Auch bei der durchgehenden Halskonstruktion bleibt sich Ibanez treu und wendet beim BTB33 die bewährte BTB-Rezeptur an: drei breite Ahornstreifen wurden mit drei schmalen Streifen Bubinga verleimt und mit einem Griffbrett aus Palisander versehen. Darin sitzen wiederum 24 Bünde im Medium-Format und Lagenmarkierungen in Form von runden Abalone-Inlays. Der Hals ist allerdings ein ganzes Stück kürzer als bei den anderen BTB-Fünsaitern, weil der BTB33 - wie oben erwähnt - statt der üblichen 35"-Mensur eine deutlich kürzere Mensur von nur 33" besitzt. Das ist ein logischer Schritt für einen Bass, der mit einer hohen C-Saite ausgestattet ist, denn die Bünde rücken spürbar näher zusammen und begünstigen beispielsweise das Greifen von komplexen Akkorden. Zudem rücken die tiefen Lagen näher zum Spieler heran und sind somit komfortabler zu erreichen. Die fünf Saiten laufen über einen Graph Tech-Sattel zur kompakten abgewinkelten Kopfplatte, die wiederum fünf gekapselte Stimmmechaniken im Gotoh-Stil beherbergt.

Am anderen Ende des Basses werden die Saiten in fünf Monorail-Einzelstege eingehängt, die komfortabel in alle Richtungen für die Saitenlage und die korrekte Intonation eingestellt werden können. Der Saitenabstand kann bei den Monorail-Stegen von Ibanez jedoch nicht verändert werden. Beim BTB33 wurde er auf 17 mm fixiert - deutlich enger also als beim normalen BTB-Fünfsaiter. Jedoch wird dieses Spacing Bassisten, die gerne Akkorde und virtuose Läufe spielen, sicherlich sehr entgegenkommen.

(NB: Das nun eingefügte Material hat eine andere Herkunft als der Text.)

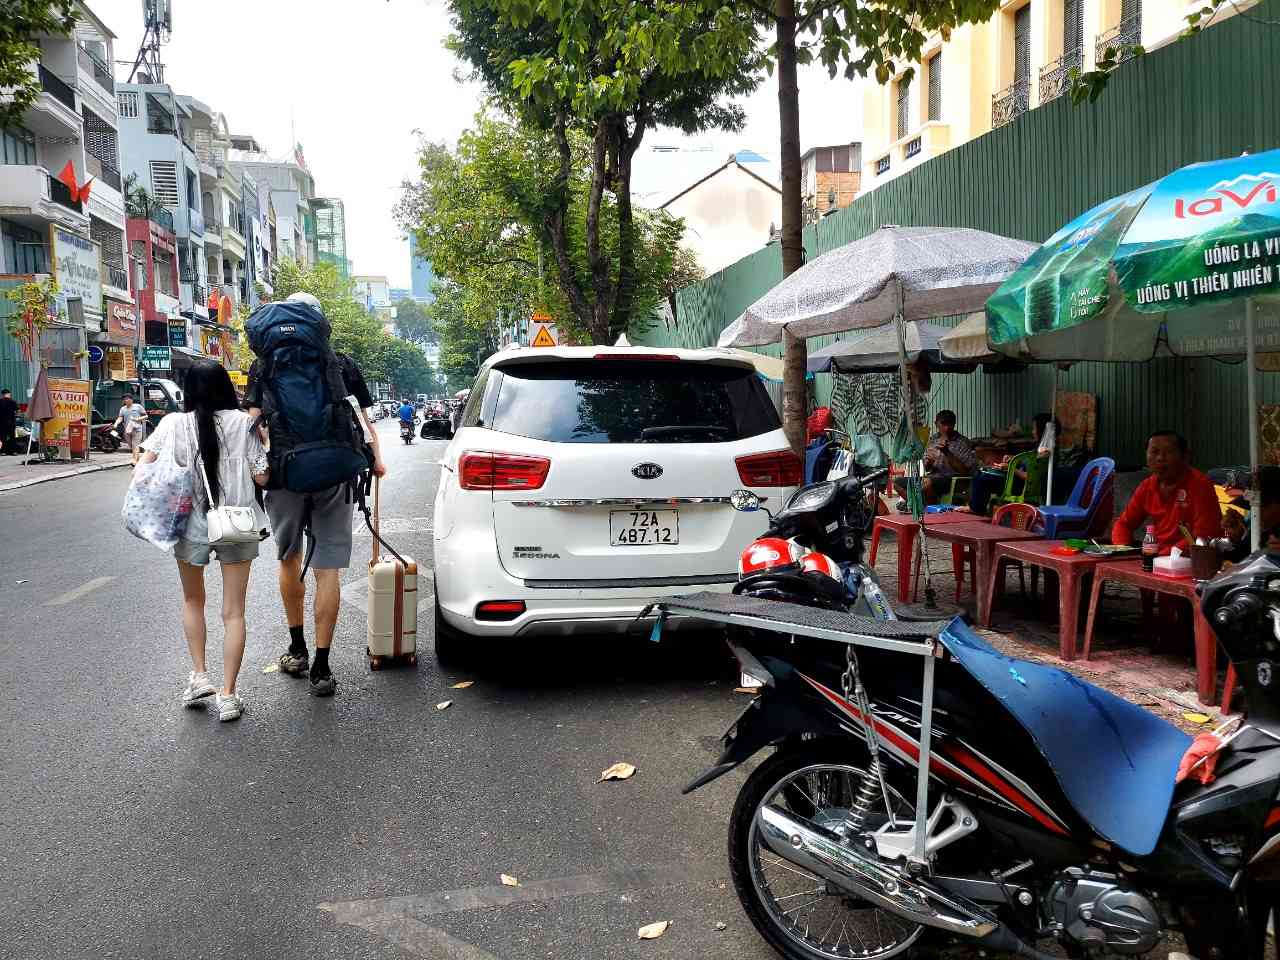 Vỉa hè bị chiếm dụng để bày bán ghế buôn bán trên đường Nguyễn Thái Bình (Quận 1), du khách nước ngoài phải đi bộ ra giữa lòng đường.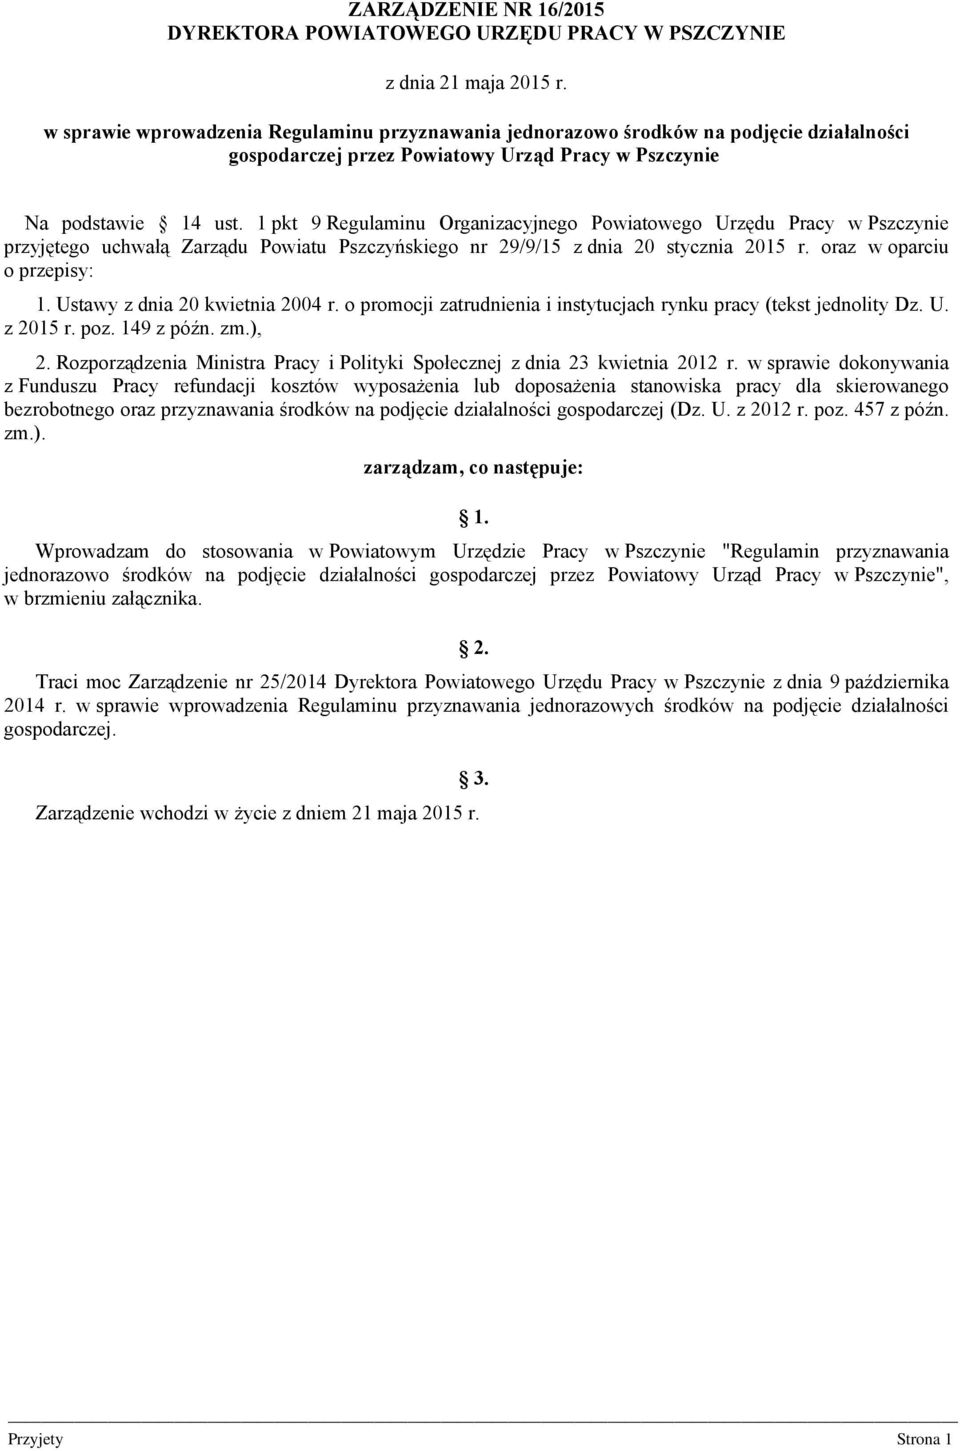 1 pkt 9 Regulaminu Organizacyjnego Powiatowego Urzędu Pracy w Pszczynie przyjętego uchwałą Zarządu Powiatu Pszczyńskiego nr 29/9/15 z dnia 20 stycznia 2015 r. oraz w oparciu o przepisy: 1.

Für den guten Ton sorgen beim BTB33 aus der Bassworkshop-Serie zwei Bartolini BH1 Dual Coil-Tonabnehmer sowie ein Custom-Preamp mit Dreiband-Equalizer von Ibanez. Einige Leser werden sich vielleicht fragen, was es mit dem dicken Block zwischen den zwei Tonabnehmern auf sich hat. Kommt der BTB33 am Ende etwa mit einem versteckten dritten Tonabnehmer? Keineswegs, zwischen den Bartolinis sitzt eine sogenannte "Rampe" (engl. "ramp") aus Holz, welche das Niveau im Zwischenraum an die Tonabnehmeroberseite angleicht und somit verhindert, dass man zu tief in die Saiten greift und zu deshalb zu fest anschlägt. Populär wurde die Rampe durch den Fusionbassisten Gary Willis, der sich bereits vor vielen Jahren von Ibanez einen Signature Fretless mit eben dieser Spielhilfe an den Leib schneidern ließ.

Zur Klangformung stellt der BTB33 einen Dreiband-Equalizer mit Reglern für Bässe, Mitten und Höhen zur Verfügung. Zusätzlich kann die Einsatzfrequenz des Mittenreglers mit einem Kippschalter angewählt werden. Die speziell auf den BTB33 getrimmte Ibanez-Elektronik bietet hierfür drei Center-Frequenzen: 250 Hz für die Tiefmitten, 450 Hz im mittleren Bereich und schließlich 700 Hz für die Hochmittenanteile im Sound. Zur Stromversorgung benötigt die Custom-Elektronik eine handelsübliche 9V-Batterie, die in einem separaten Fach mit Klappdeckel auf der Bassrückseite untergebracht ist.